Return the full listing unchanged, excluding any images it contains.

(Information provided begins)

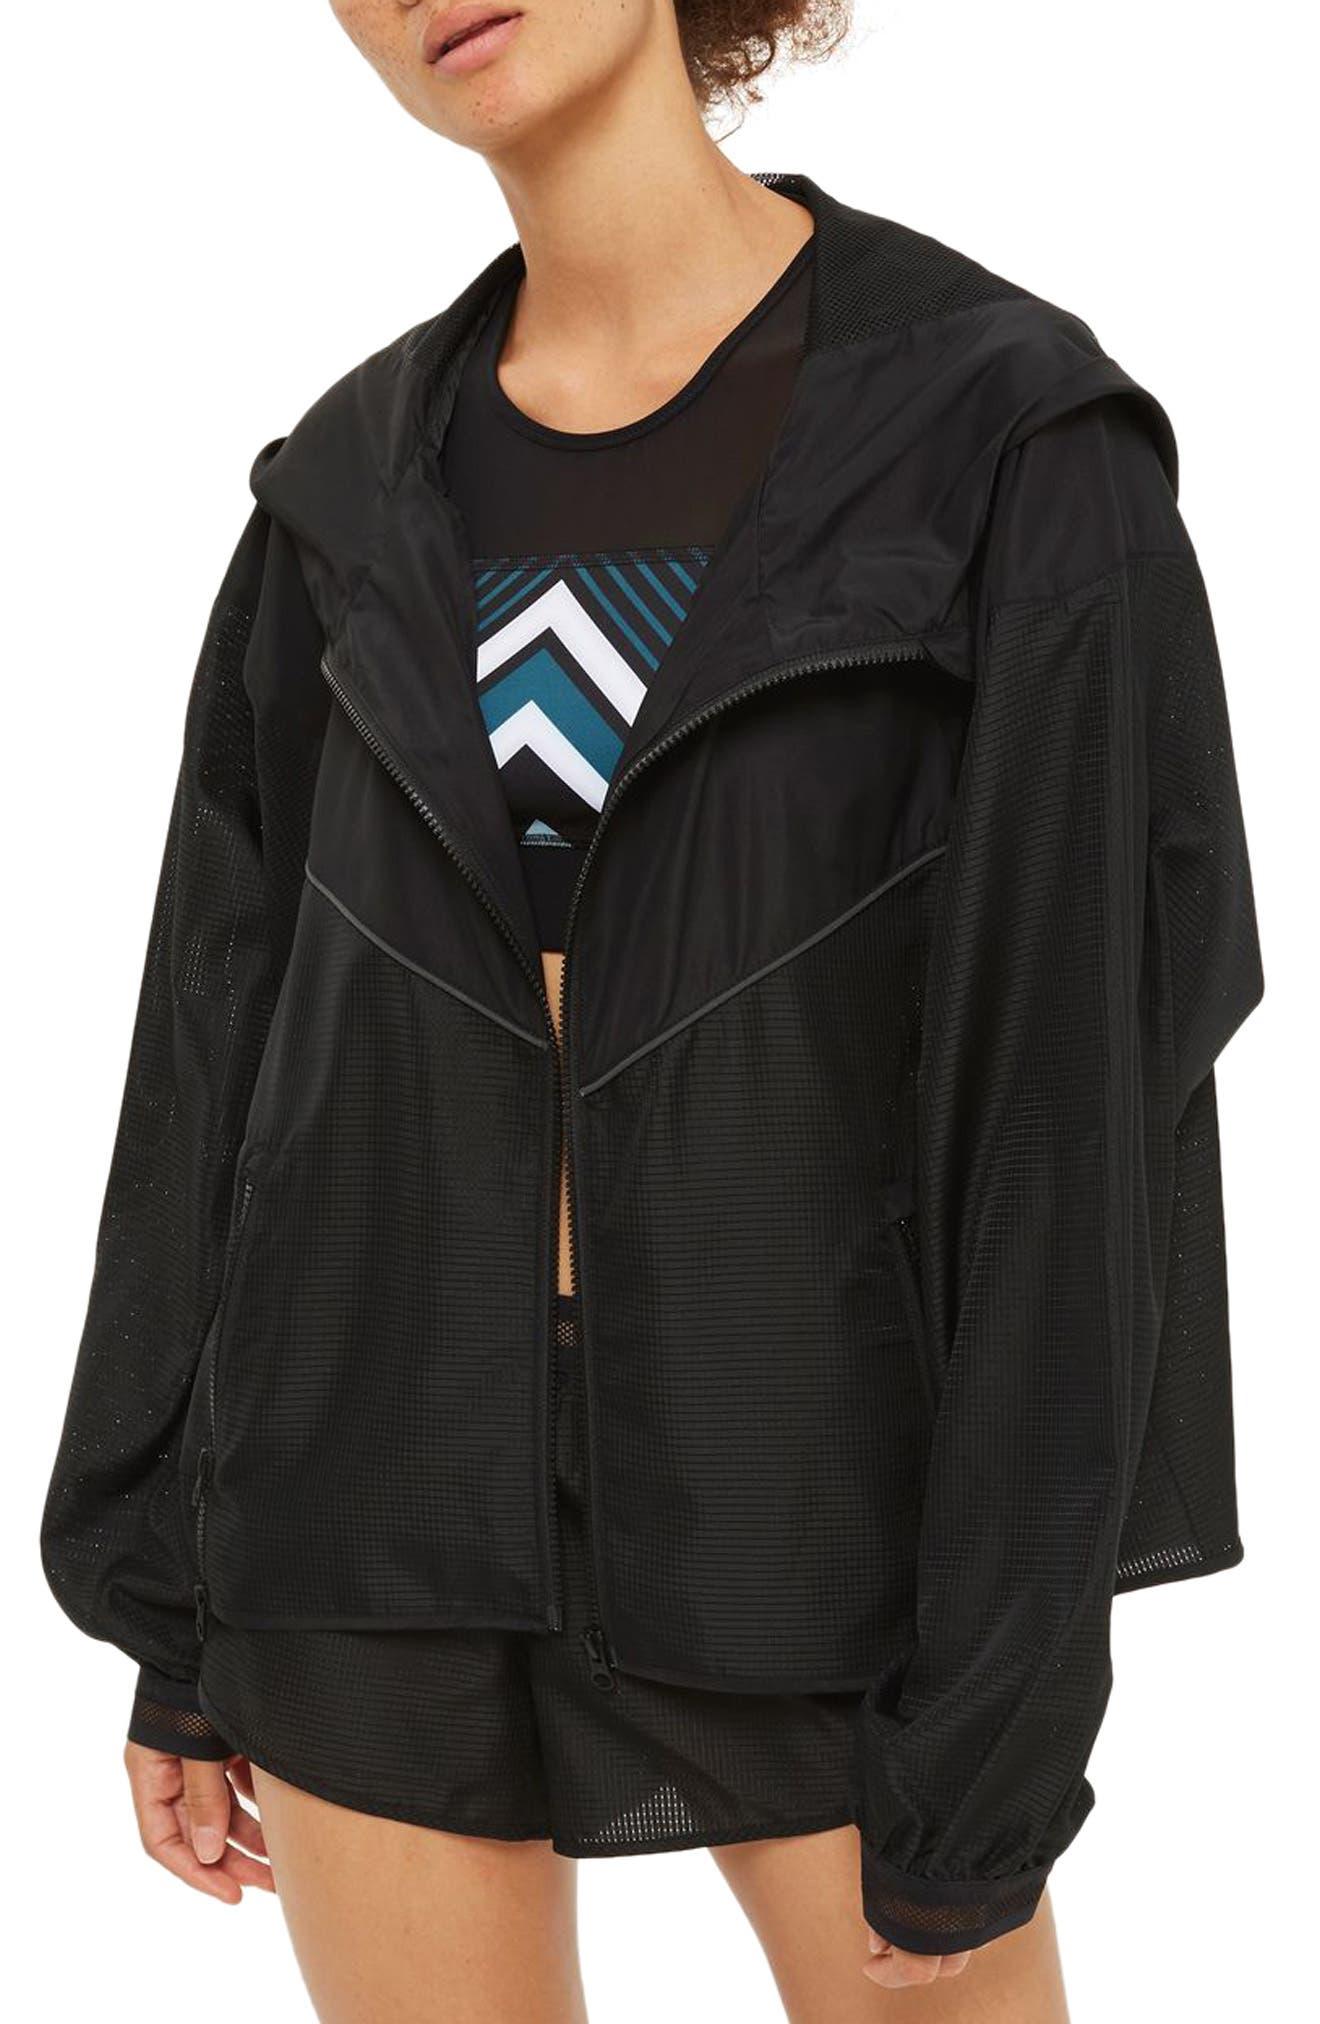 Main Image - IVY PARK® Logo Hood Jacket
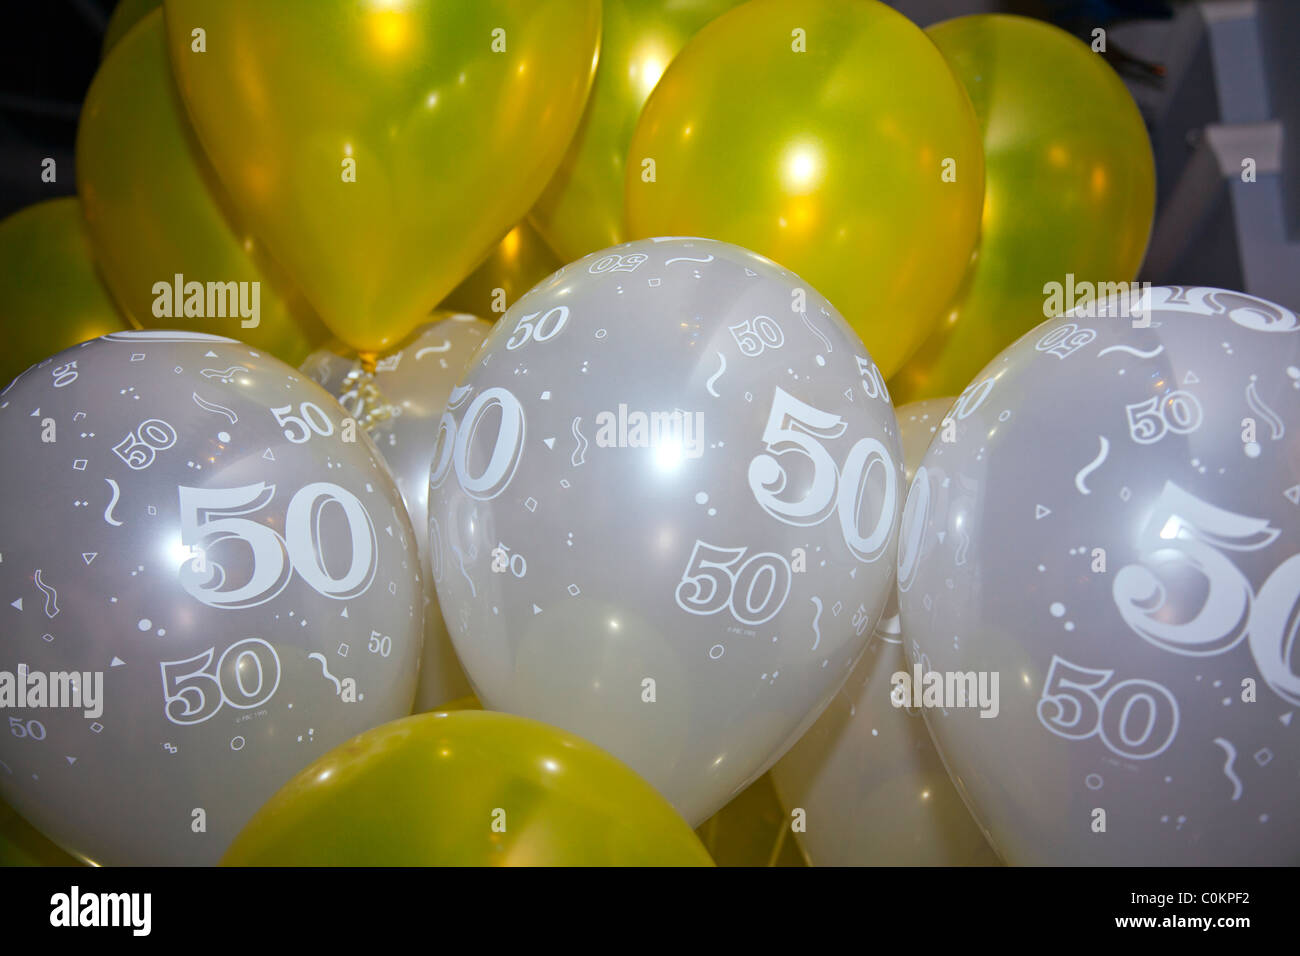 50 Geburtstag Luftballons Feier Dekoration Stockfoto Bild
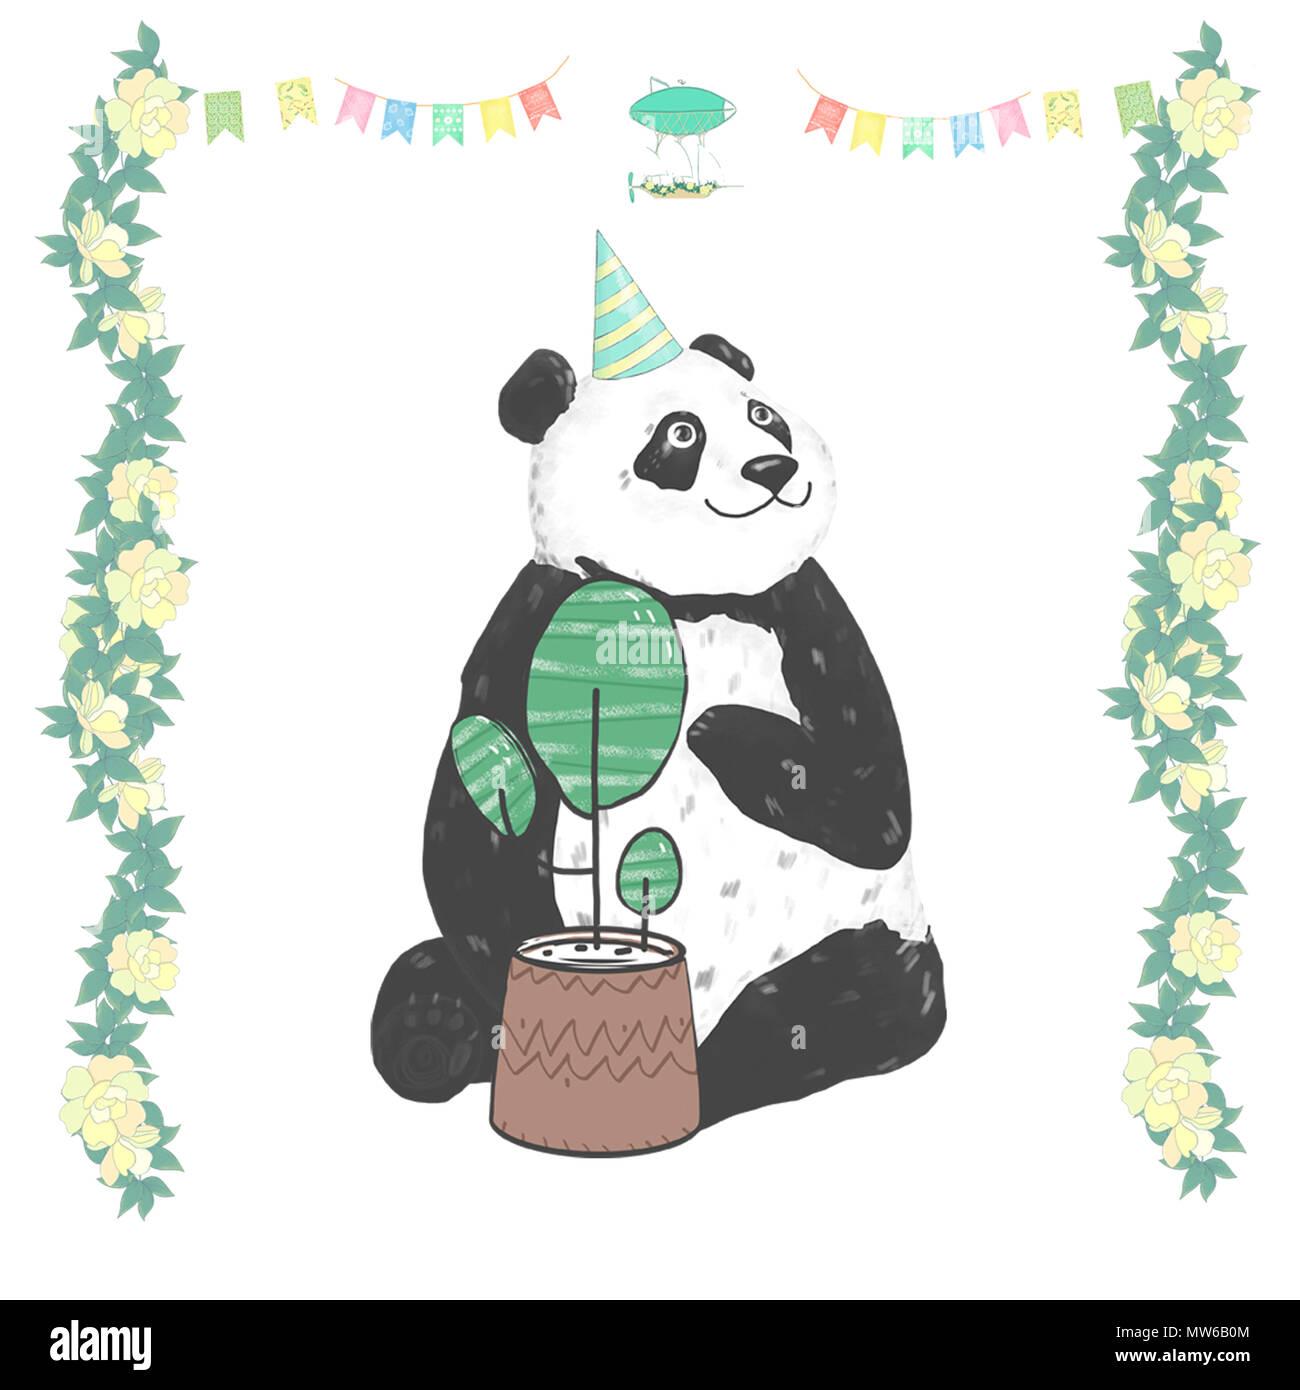 illustration panda stockfotos illustration panda bilder. Black Bedroom Furniture Sets. Home Design Ideas

(Information provided ends)

(Completed task):
 Main Image - IVY PARK® Logo Hood Jacket
 50 Geburtstag Luftballons Feier Dekoration Stockfoto Bild
 illustration panda stockfotos illustration panda bilder. Black Bedroom Furniture Sets. Home Design Ideas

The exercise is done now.